今月5日に警察庁へ異動が決まった県警の野川明輝本部長がきょう1日、離任会見を開きました。
今年4月以降、県警の警察官らが相次いで逮捕・起訴され真相の解明が進んでいない中での異動について、野川本部長は「自分への疑念が晴れないままでの異動は心残り」と述べ、県民に謝罪しました。
(野川明輝本部長)「一連の非違事案を巡って、県民のみなさまに多大なご心配、ご迷惑をおかけしたことを、改めてお詫びを申し上げる」
冒頭、県民への謝罪ではじまった野川明輝本部長の離任会見。
県警はきのう31日、事件の捜査で適切な対応をしなかったなどとして、警察官36人を処分していて、処分のタイミングが自身の離任と重なったことについて問われると…。
(野川明輝本部長)「いずれの事案についても、認知後に県警察において必要な調査を行い、その結果が整ったことから処分を行った」
Q.自分自身の離任のタイミングと全く関係がない?
(野川明輝本部長)「調査を尽くした結果が整ったという段階、異動とは関係がございません」
県警では今年の4月以降、県警の警察官らが相次いで逮捕・起訴されるなど不祥事が相次ぎました。

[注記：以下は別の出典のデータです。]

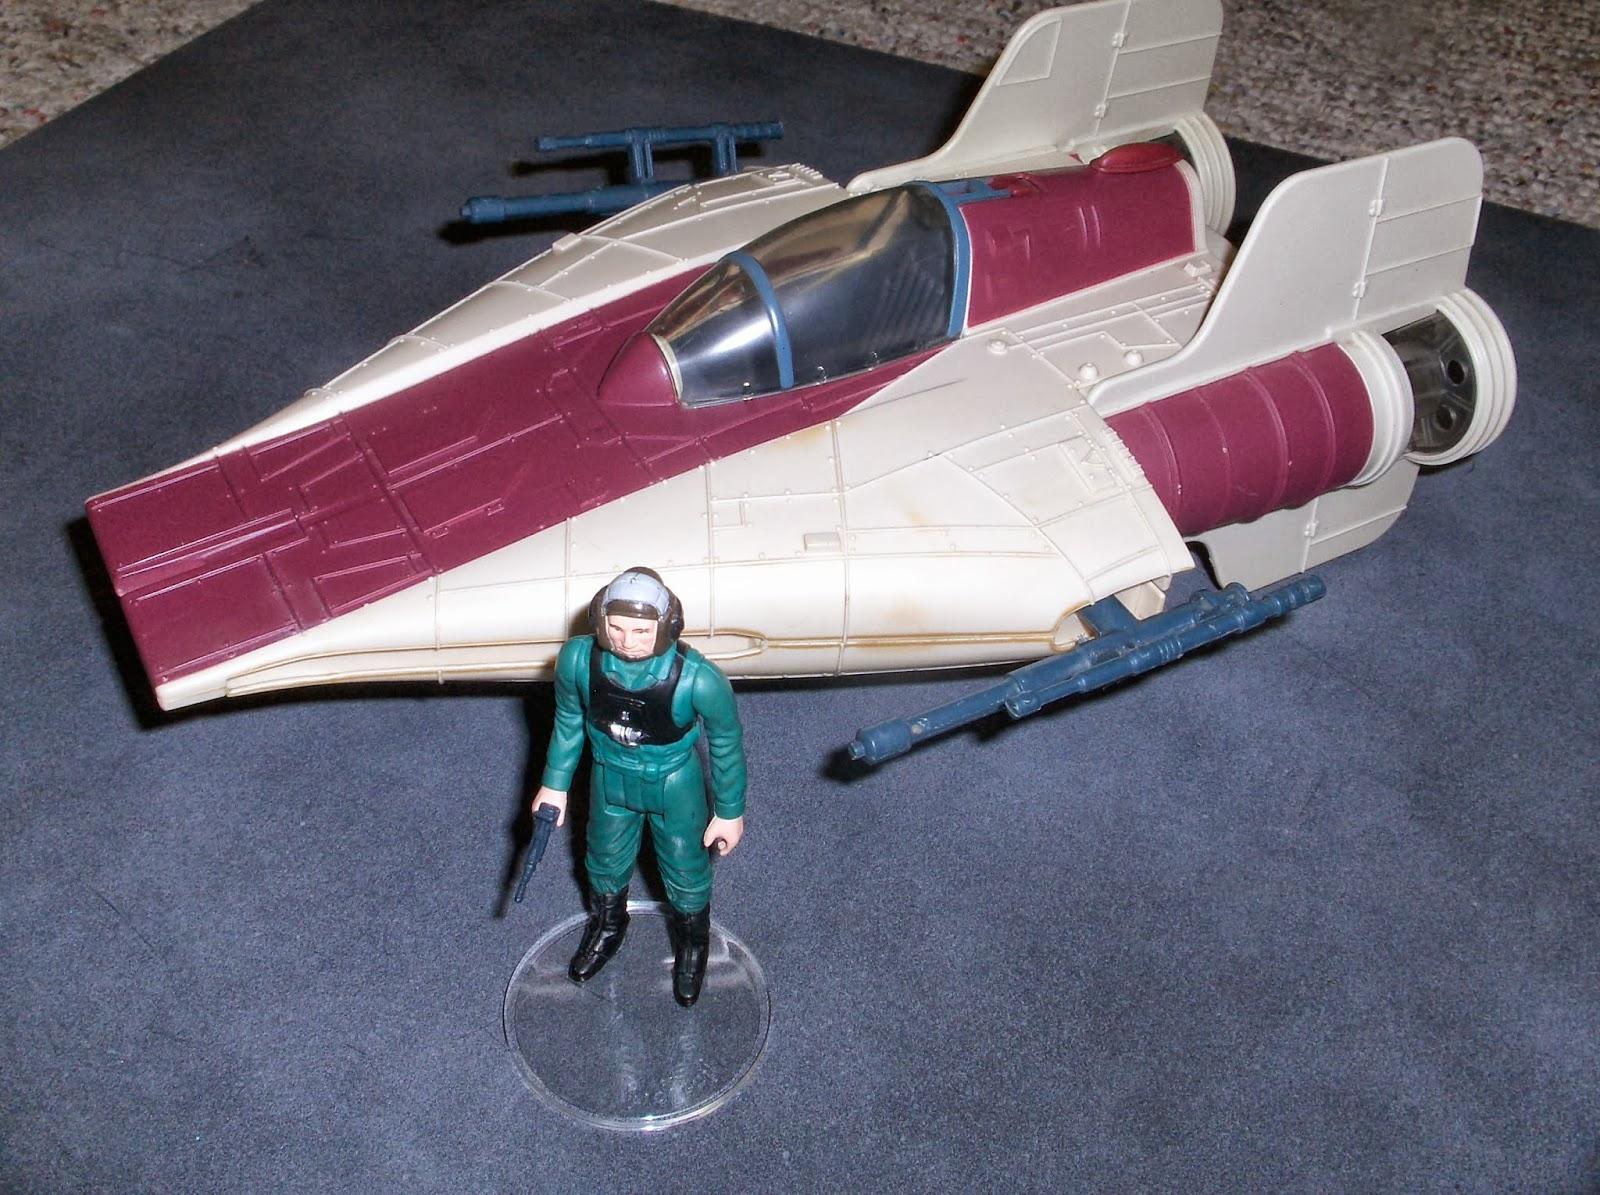 vintage kenner star wars toys droids a wing fighter landing gear repair restoration. Black Bedroom Furniture Sets. Home Design Ideas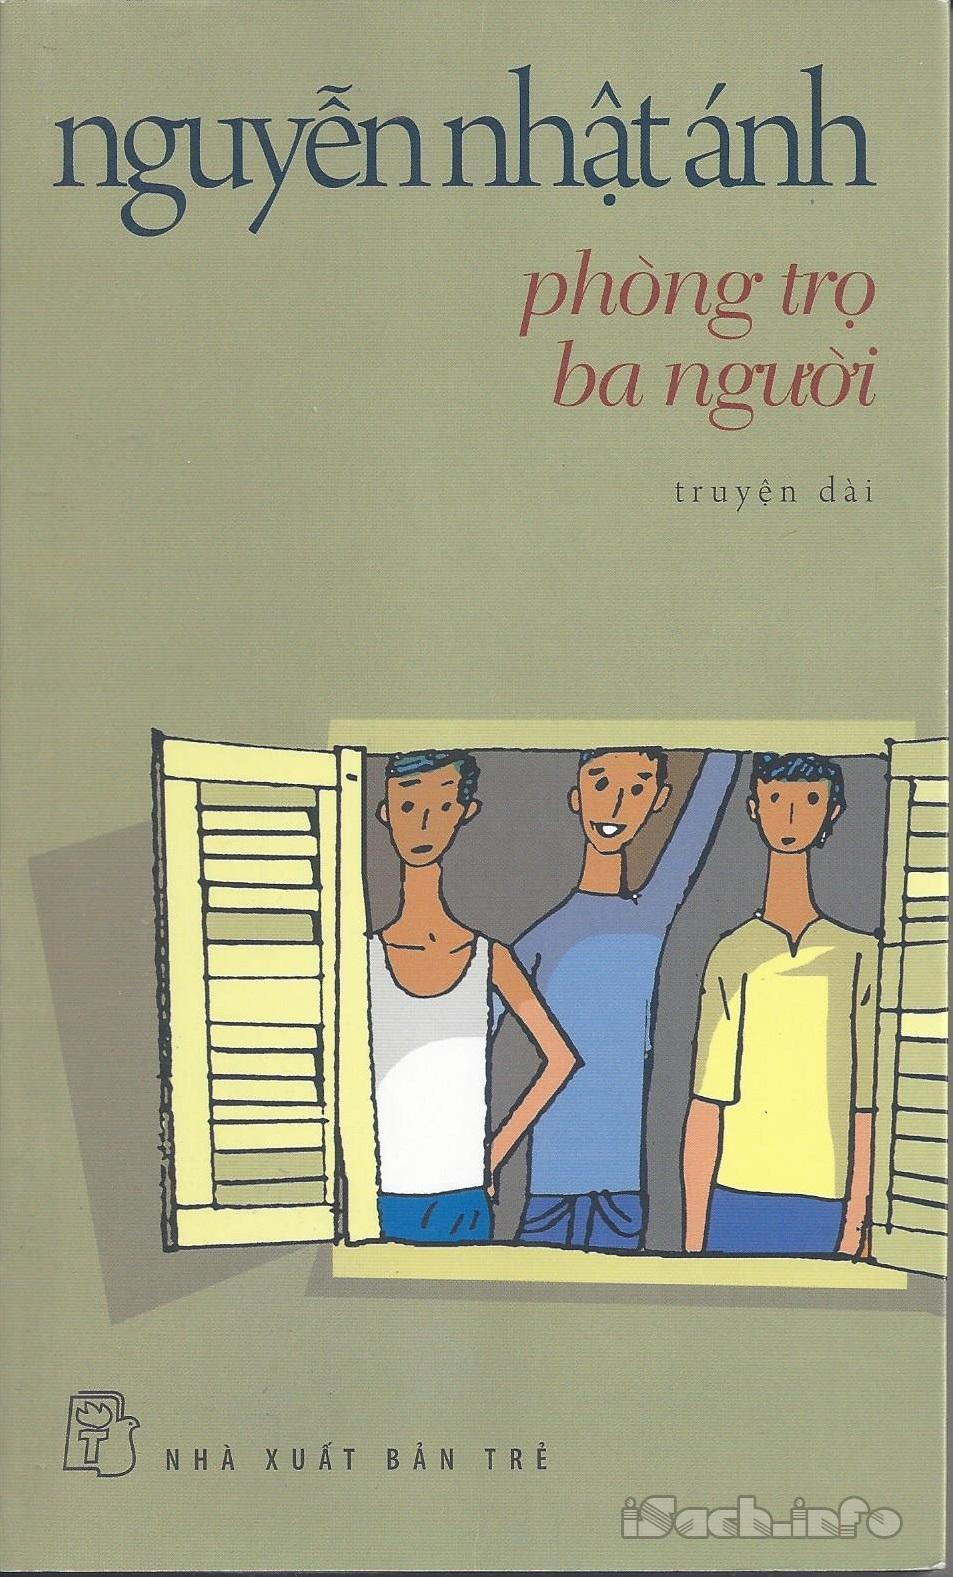 sach phong tro ba nguoi Những quyển sách hay nhất của Nguyễn Nhật Ánh

県警の内部情報を漏えいしたとして逮捕・起訴された前の生活安全部長・本田尚志被告は「野川本部長が不祥事を隠蔽するよう指示した」と主張。一方で野川本部長は隠蔽を否定してきました。
(野川明輝本部長)「県民の間にまだ疑念が残っているものと認識をしていて、私の在任期間中にそれを晴らすまでに至らなかったこと、大変申し訳なく思っている。私は異動するが、私がどこにいたとしても、過去に起きた客観的事実は変わることがないので、私自身が説明するよりも説得力のある方法によって事実が明らかになってくることを期待している」
県議会では強い調査権限を持つ百条委員会の設置を求める声もある中、野川本部長は離任後に議会に出席するかは明言せず、今後の裁判や再発防止策の進捗についても「見守る」と述べるにとどまりました。
Q.協力を求められた時にもしっかり協力していく、鹿児島県警の再発防止を今後も見届ける、協力していくという認識か
(野川明輝本部長)「個人的にはその思いはあるが、公の立場からすると、現職の本部長に対してOBが介入するのはなかなか難しい面がある。ただ、思いとしてはやはり心残り、見守りたいと思う」
(キャスター)
野川本部長を巡っては、前の生活安全部長が「不祥事を隠蔽した」と主張していますが、この点が明らかになっていないままでの離任となりましたね。
(記者)
野川本部長は1日の会見で、疑念が残る中での離任を謝罪しながらも、「過去に起きた客観的事実は変わることがない」と説明しました。
元警察大学校の校長で、京都産業大学の田村正博教授はどう見ているのか、聞きました。
(元警察大学校長・京都産業大学 田村正博教授)「トップというのは具体的な行動も必要だが、同時に県警を象徴する機能。問題だったと言われている人が象徴するよりは、言われていない人が象徴するほうが本来の新しい県警としてふさわしい」
(元警察大学校長・京都産業大学 田村正博教授)「本当だったらもっと早く異動している。(本部長は)県警を代表し職員を統率するのが仕事。そういう者として長官注意を受けた人が残っている方が極めて異例」
(記者)
野川本部長は今月5日付で警察庁長官官房付へ異動します。ただ今後の具体的な職務などは明らかになっていません。